I am given the curve $G = (x_1-x_2)^3 - x_0 x_1^2$ and want to compute all of its regular points whose tangents go through $[0:0:1]$.
Firts, the line $L = ax_0 + bx_1 + cx_2$ has to go through $[0:0:1]$.$ \implies c = 0 $ and hence $L = ax_0 + bx_1$.

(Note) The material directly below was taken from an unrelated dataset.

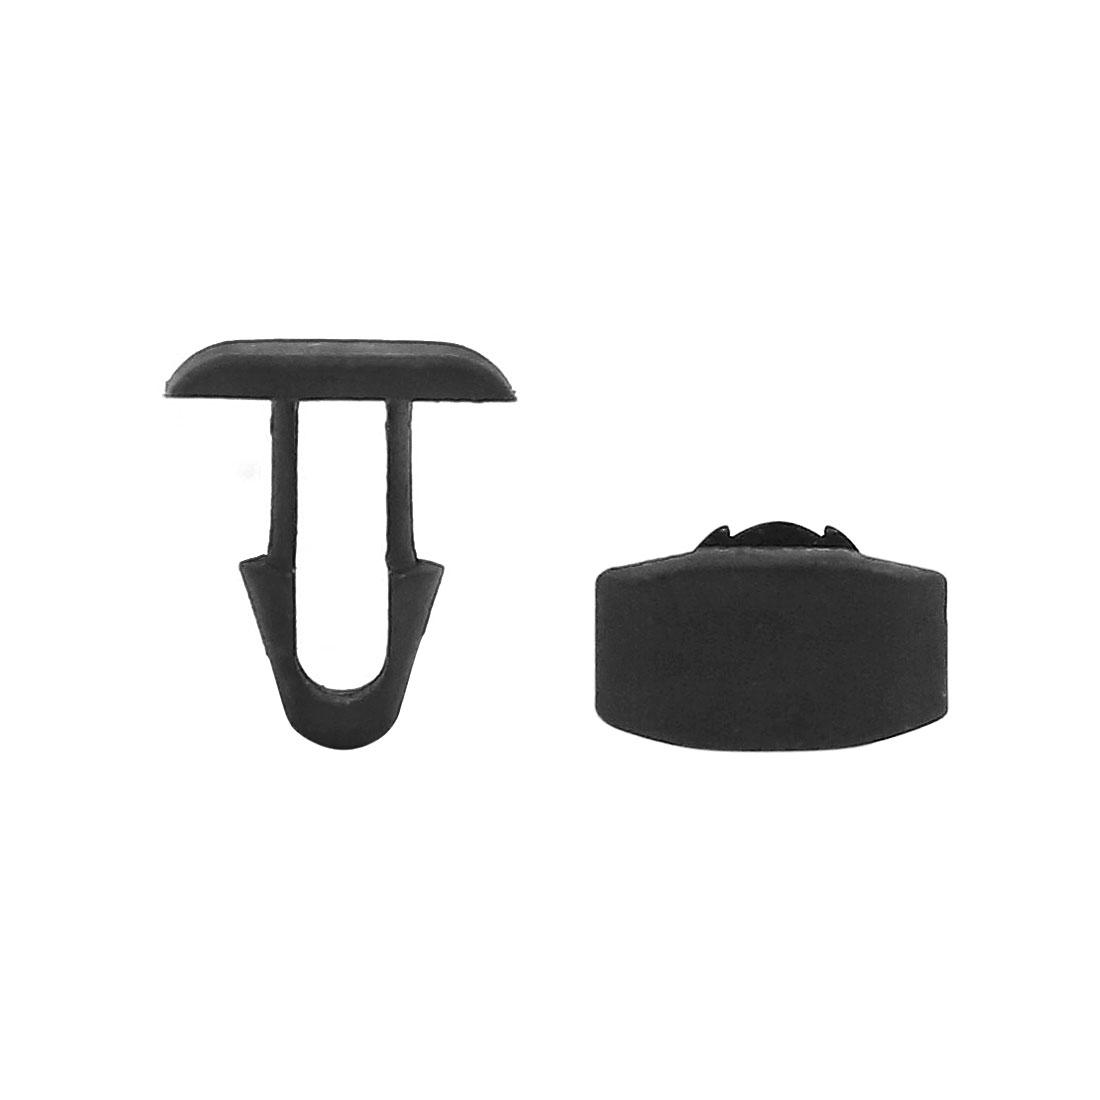 40pcs 7mm Hole Diameter Plastic Rivet Fastener Clips Black for Car Fender Bumper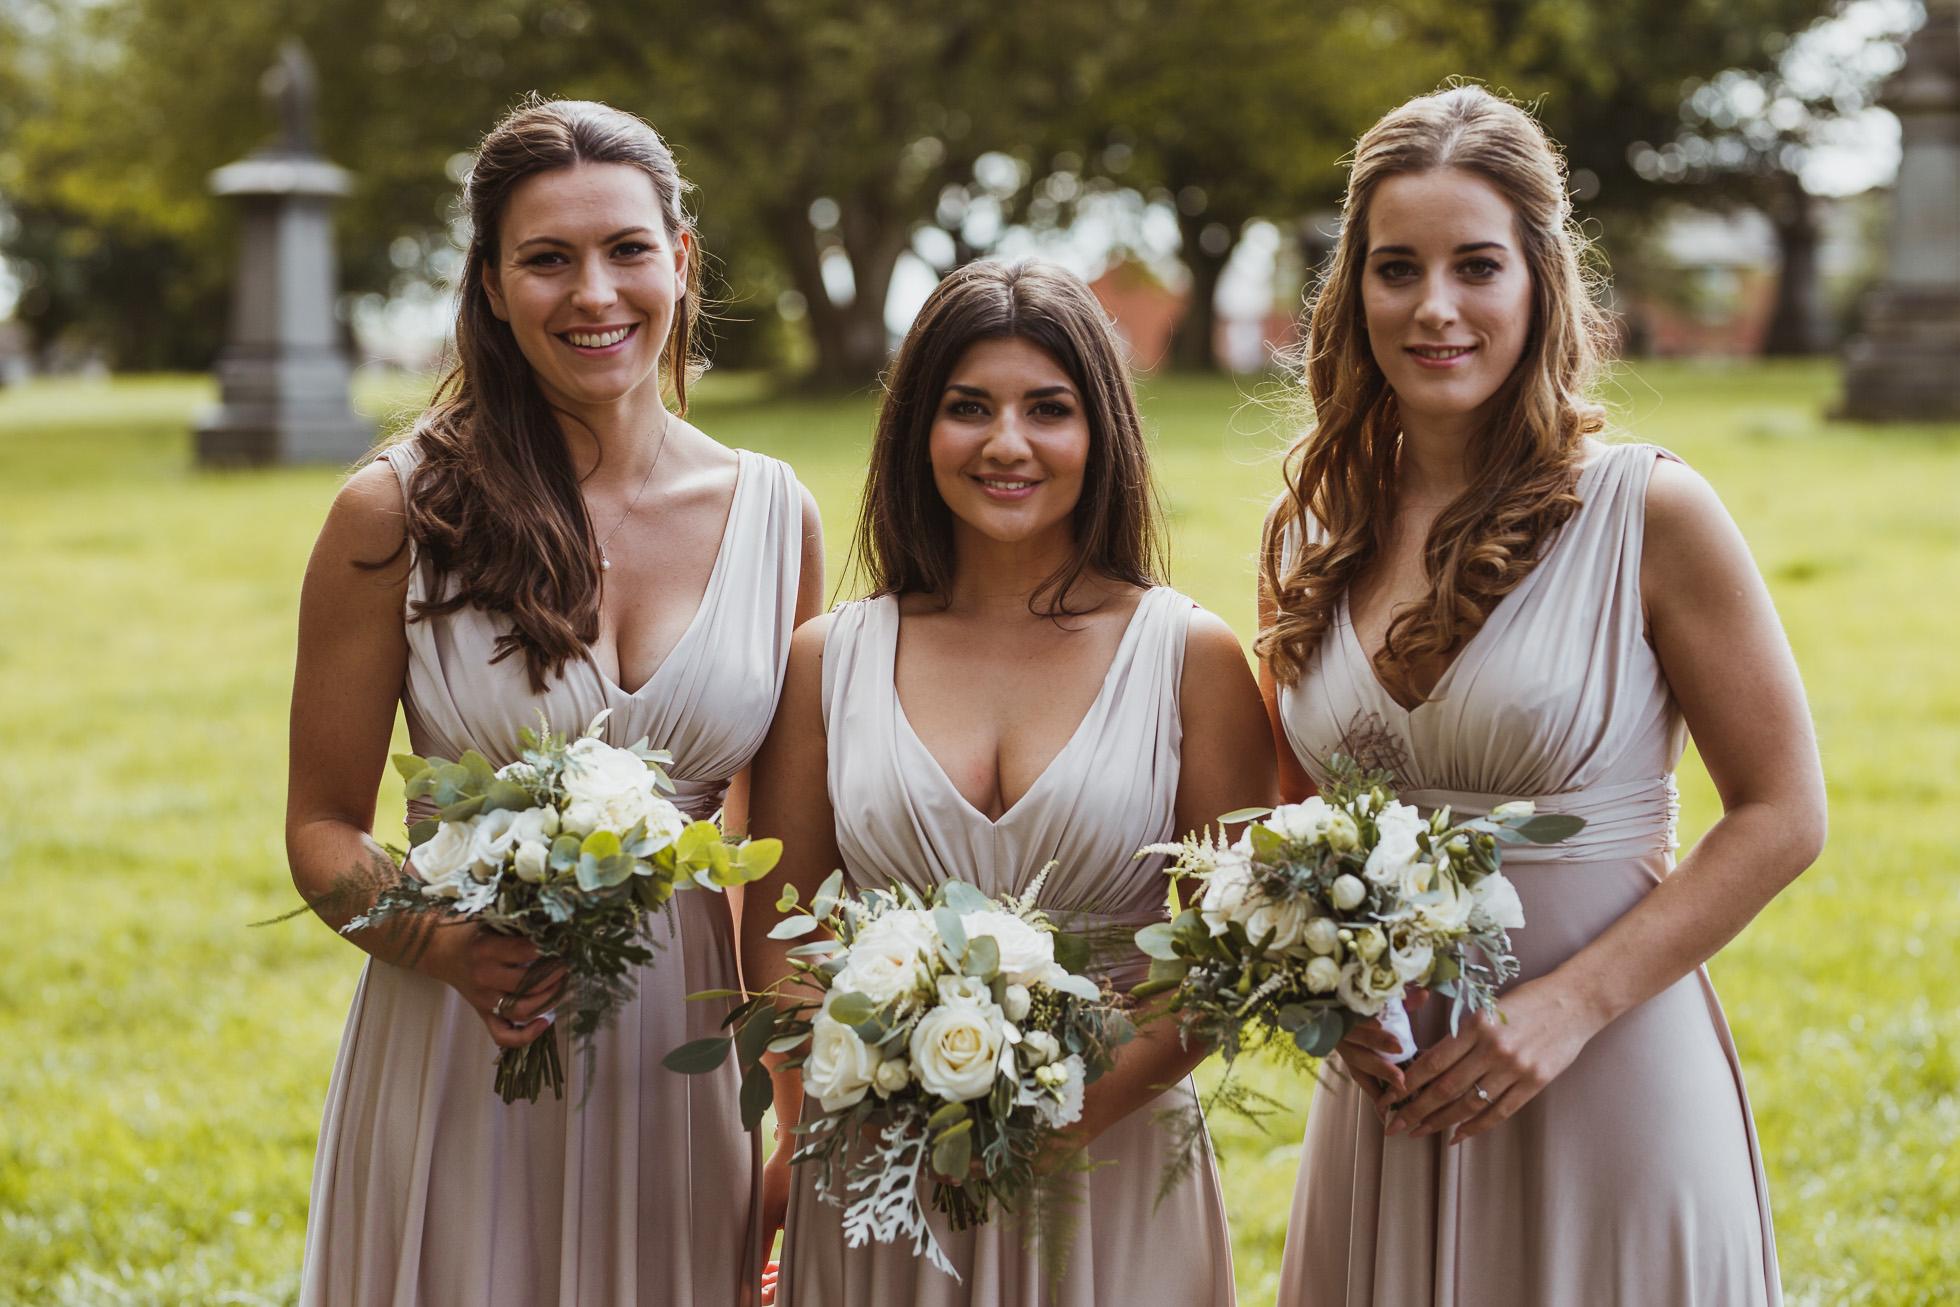 woodman_inn_thunderbridge_wedding_photographer-45.jpg

Since are looking for the intersection of a line with the curve G in a regular point, the intersection multiplicity will be $1$. I can parametrize $G$ as $[t_0, t_1] \mapsto [(t_0-t_1)^3:t_0^3:t_0^2t_1]$. If I substitute this in $L$ I get: $a(t_0-t_1)^3 + bt_0^3$ and then I should somehow be able to get the tangents and the multiplicities.
But I am not sure if I am going the right way, and if so, how to proceed.
$(x_1-x_2)^3-x_0x_1^2=0$ has dual $27 X_0 X_1^2+54X_0X_1X_2+27X_0X_2^2-4X_2^2=0$ and $(x_0:x_1:x_2)=(0:0:1)$ corresponds to $X_2=0$ via $x_0X_0+x_1X_2+x_2X_2=0.$ Intersecting we get $\langle 27 X_0 X_1^2+54X_0X_1X_2+27X_0X_2^2-4X_2^2, X_2\rangle=\langle X_2, X_0X_1^2\rangle$ i.e. $(X_0:X_1:X_2)=(0:1:0)$ corresponding to $x_1=0$ and $(X_0:X_1:X_2)=(1:0:0)$ (doubly) corresponding to $x_0=0.$ The tangents through $(x_0:x_1:x_2)=(0:0:1)$ are therefore $x_0=0$ and $x_1=0.$ But only the latter to a regular point of the curve.